DOSSIER // YOUR EYES ONLY CASE PRIVACY UPDATED 2026.05.23

Privacy Policy

Last updated 2026-05-23. Plain English. Read it once.

PUBLIC

Section 00 // The short version

  • Everything stays on your device by default. Your task progress, notes, and onboarding answers live in a local database on this iPhone or iPad. We do not have a server that stores your data.
  • iCloud sync is opt-in. If you turn on iCloud Replication in Settings, your progress syncs to your own iCloud private database — not to us. We cannot read it.
  • Analytics, if any, are anonymous. If analytics are enabled in this build, we record an anonymous random identifier and product-usage events (e.g. "task.completed"). We never attach your name, email, phone number, IP address (PostHog's IP scrubbing is on), or the specific company you opted out of.
  • No advertising. No ad SDKs. No third-party tracking. No "share data with partners" toggle hidden three menus deep.
  • No accounts. You never create an account with us. There is no email, password, or username to remember.
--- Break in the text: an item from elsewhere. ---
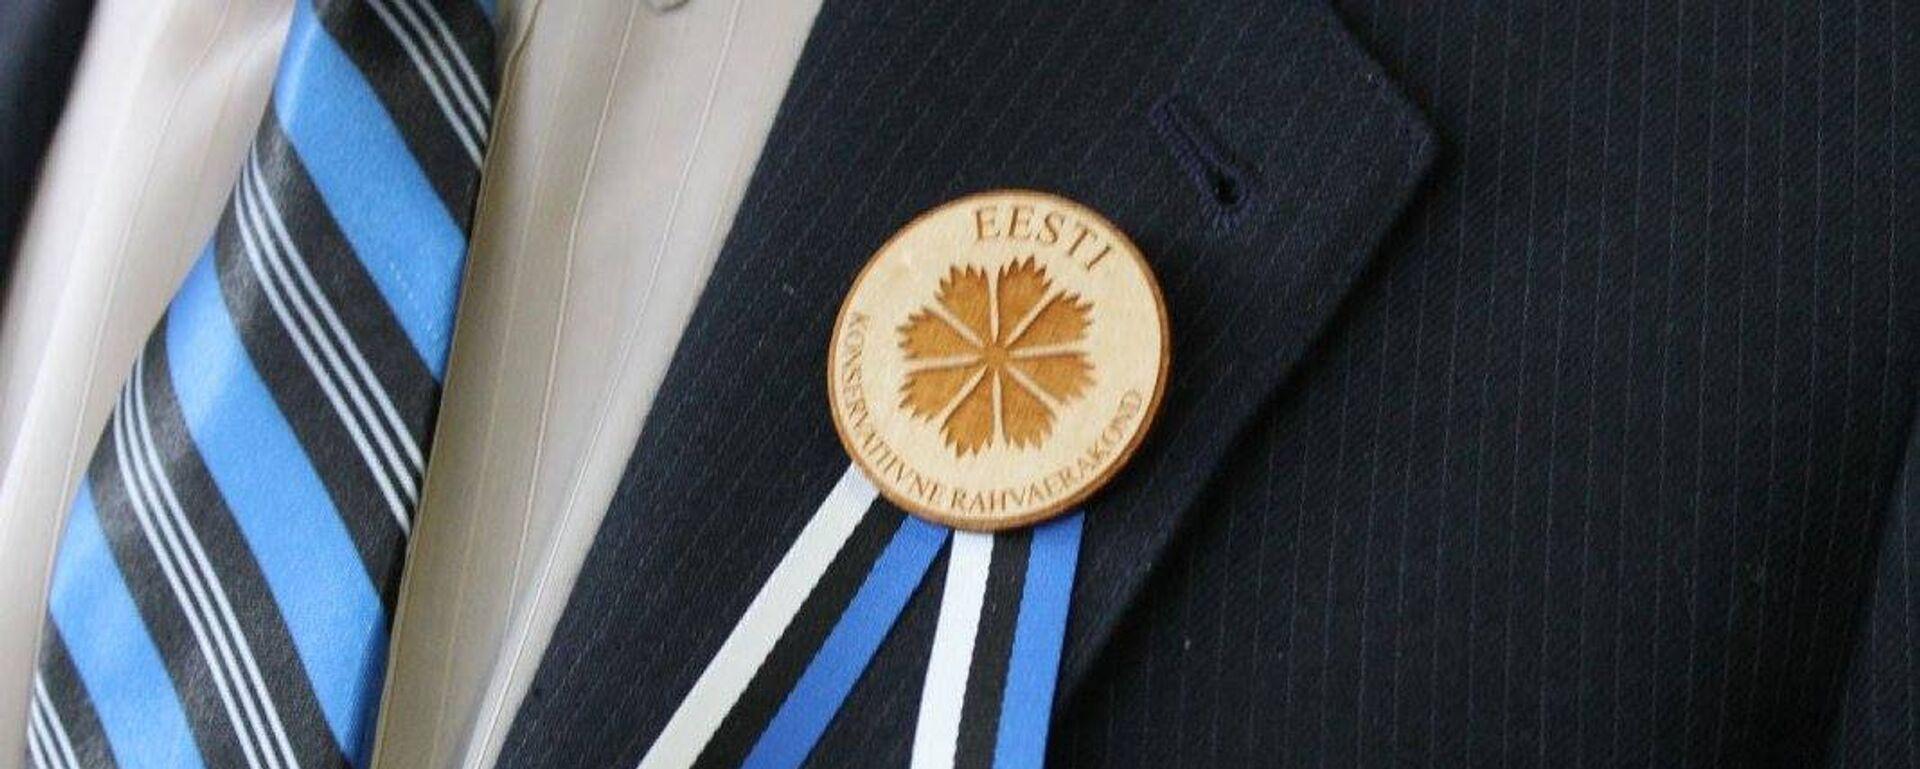 Значок с символикой Консервативной партии Эстонии (EKRE) - Sputnik Латвия, 1920, 04.04.2019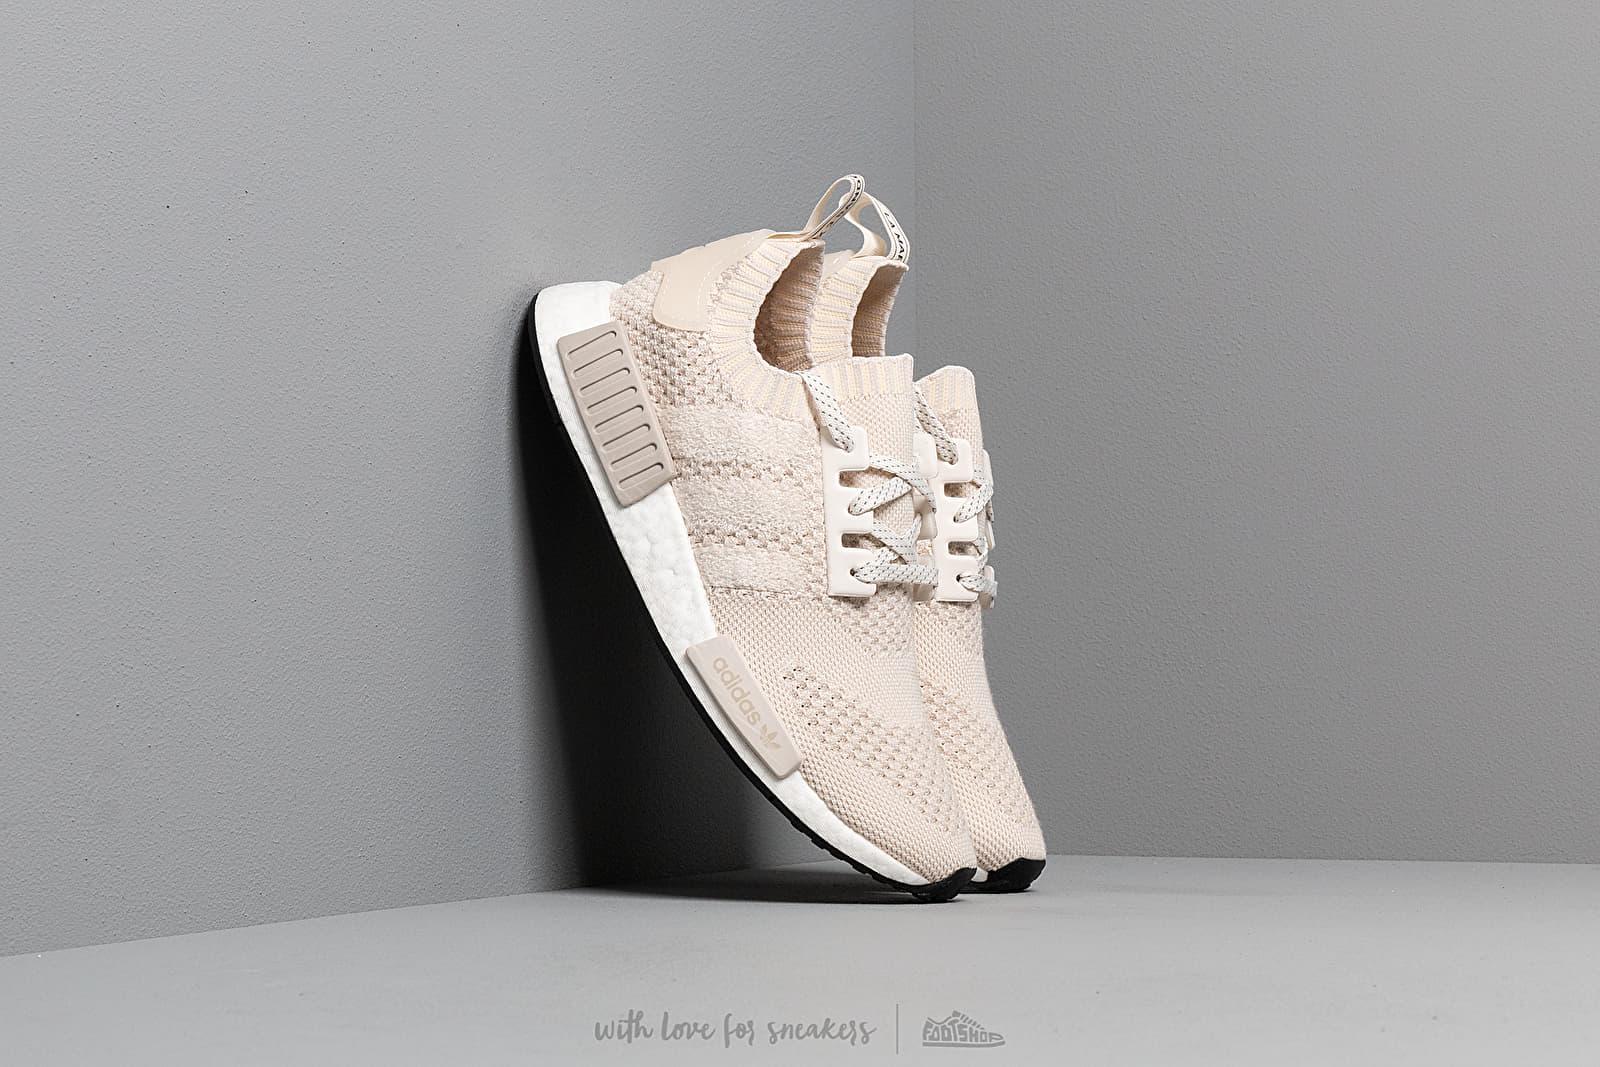 Zapatillas Hombre adidas NMD_R1 Primeknit Core White/ Core White/ Raw White

Section 01 // What we collect and why

Task progress
The status of each task (pending / in progress / reviewed / skipped / N/A). Lives on your device, optionally your iCloud. Used so you can see what you've done.
Notes
Free-text notes you add to a task. Device-local, optionally synced to your iCloud.
Onboarding
Your chosen level, country, and goals. Used to rank task suggestions.
Settings
Theme, reminder time, sync toggle. Device-local.
Anonymous events
If analytics are enabled: event name, severity, anonymous device-scoped UUID. Sent to PostHog (EU region).
Crash logs
Standard Apple crash reports — only if you opted in via iOS Settings → Privacy & Security → Analytics & Improvements.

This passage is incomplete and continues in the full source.